En los días siguientes a su muerte, Tristano investigó la vida sagrada de Latino, buscando en la biblioteca del palacio… pero no encontró nada, ninguna pista relevante… excepto una sola página arrancada de un viejo diario de viaje. El documento se refería a una importante misión del cardenal Orsini en Barletta en el año MCDLIX. Los manuscritos del cardenal estaban casi todos escritos y conservados con una perfección tan maníaca que la falta de una hoja de papel, además mal cortada, habría sido rápidamente rellenada y arreglada, si no por el mismo Latino, sí por sus cuidadosos bibliotecarios, y esto por un momento había atraído las sospechas de Tristano; desgraciadamente no había nada más que pudiera revelar alguna pista o hipótesis digna de mayor investigación. Por lo tanto, decidió suspender todas las investigaciones y regresar a la Curia, donde podría continuar su labor diplomática bajo la égida de Giovanni Battista Orsini, quien, mientras tanto, había recibido el tan solicitado nombramiento como protonotario apostólico.
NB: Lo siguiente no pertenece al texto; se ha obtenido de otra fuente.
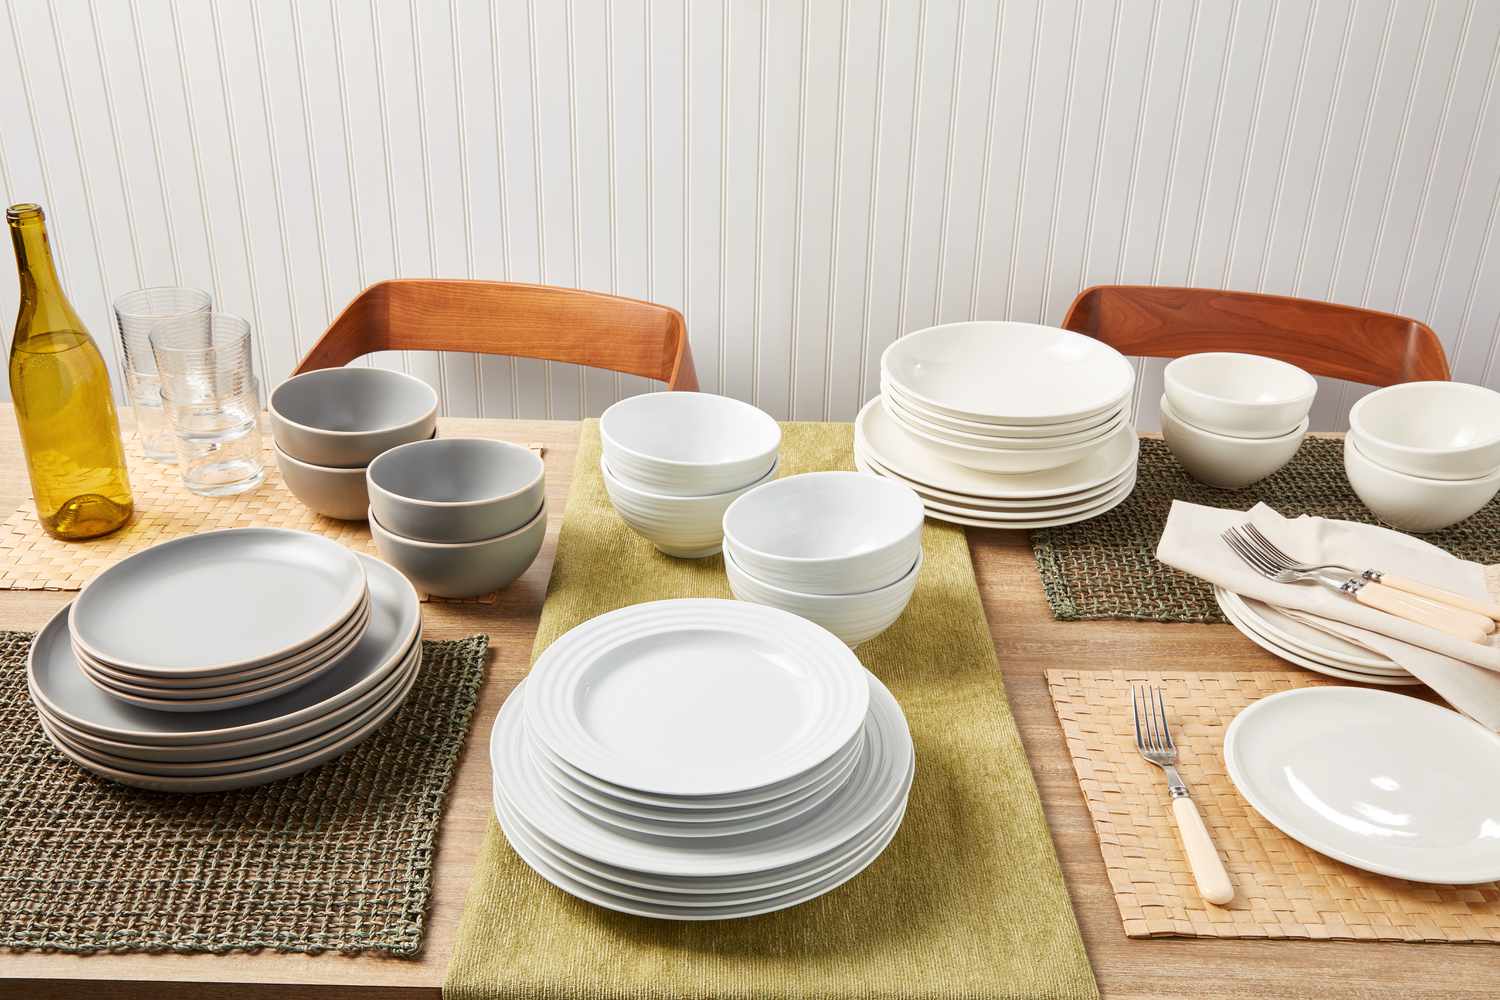 What Is The Best Tableware?

En sus primeras misiones diplomáticas fuera de los confines de los Estados Pontificios, Tristano estaba flanqueado por el Nuncio Papal Fray Roberto da Lecce, pero pronto sus excepcionales habilidades de diligencia, prudencia y discreción convencieron a Giovanni Battista y a sus consejeros para confiarle cuestiones cada vez más críticas y delicadas para las que necesariamente debía gozar de cierta independencia y autonomía.

El complejísimo contexto de la Guerra de Ferrara era uno de ellas. No sólo los señores de la península, por diversos motivos y a diferentes niveles, estaban implicados, sino que también en el Estado de la Iglesia la situación se complicaba cada día más y exigía a los ajedrecistas superiores que pudieran jugar al menos dos partidas al mismo tiempo: una externa y otra, quizás más peligrosa para la Santa Sede, interna; de hecho en Roma se habían creado dos facciones: los Orsini y los Della Rovere, en apoyo del Papa, contra el principado de Colonna, respaldado por los Savelli.
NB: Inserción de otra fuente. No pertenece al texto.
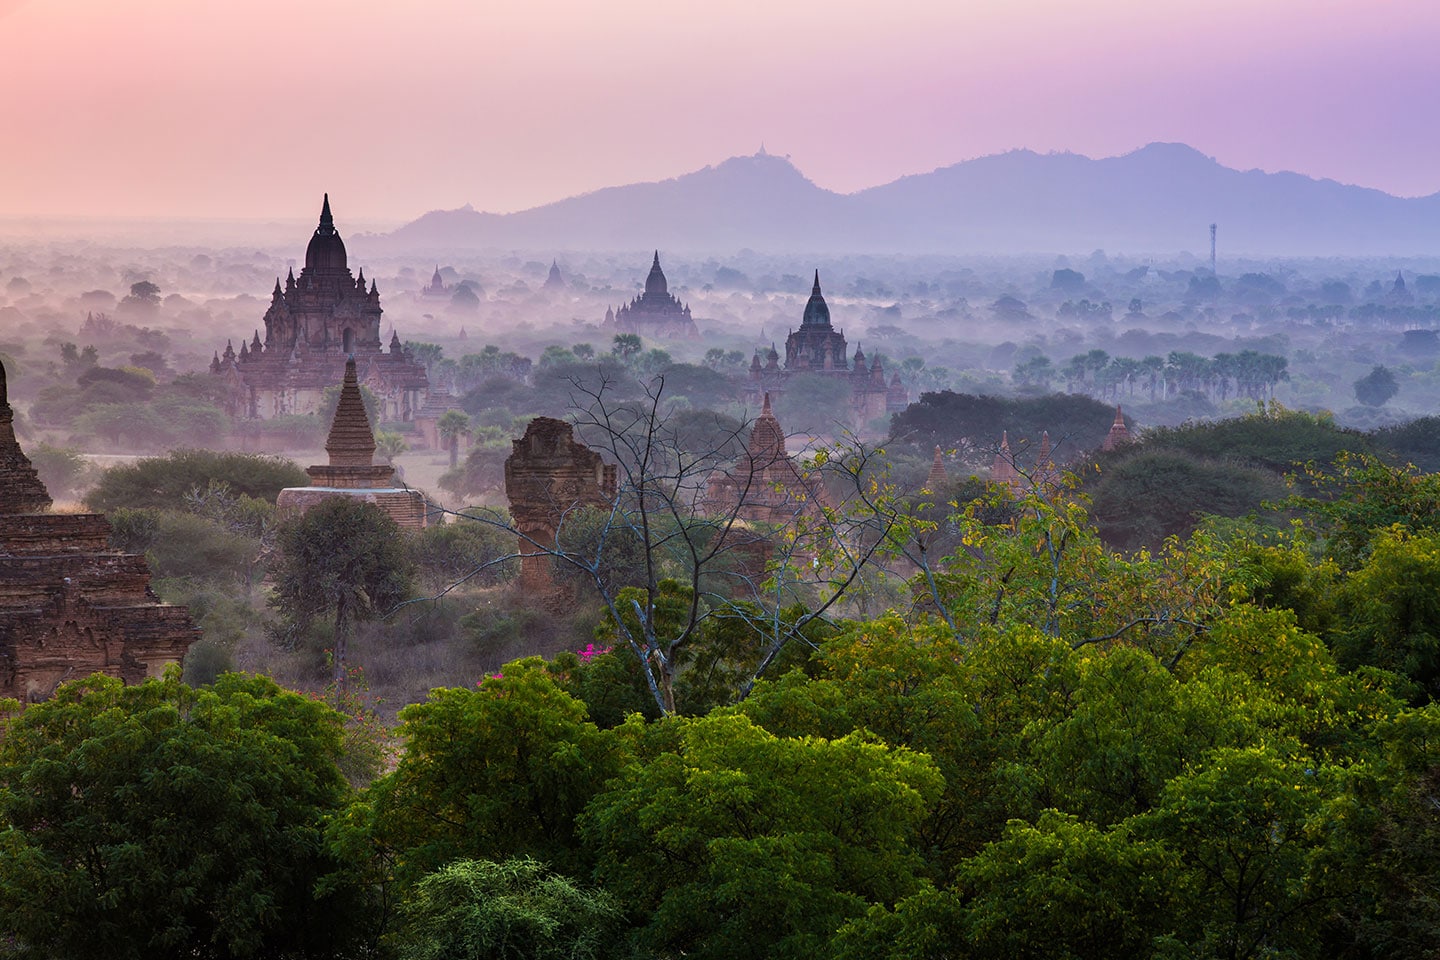 Sunrise over the temples of Bagan in Myanmar

En resumen, la vida no era nada fácil para nuestro joven diplomático: el aliado afable y locuaz de la cena anterior podía muy bien convertirse en el curso de una noche en el amargo y deplorable enemigo de la mañana siguiente, el peón que había que quitar en el tablero de ajedrez para evitar el estancamiento o para dar aliento al enroque, la pieza que había que cambiar para lanzar el ataque final…

Ya después del verano de aquel 1482, el cambio en la política pontificia comenzó a hacerse evidente. La Santa Sede había decidido poner fin a la guerra y Tristano había sido enviado a la corte de los Gonzaga precisamente para mostrar el cambio de voluntad de Roma hacia Ferrara y Mantua. Al mismo tiempo, disfrutando de la máxima acogida de los anfitriones y teniendo libre acceso a las refinadas habitaciones del palacio, el joven de 22 años no podía permanecer insensible a las llamadas de las jóvenes cortesanas que desfilaban delante de él en aquellas frías tardes de invierno.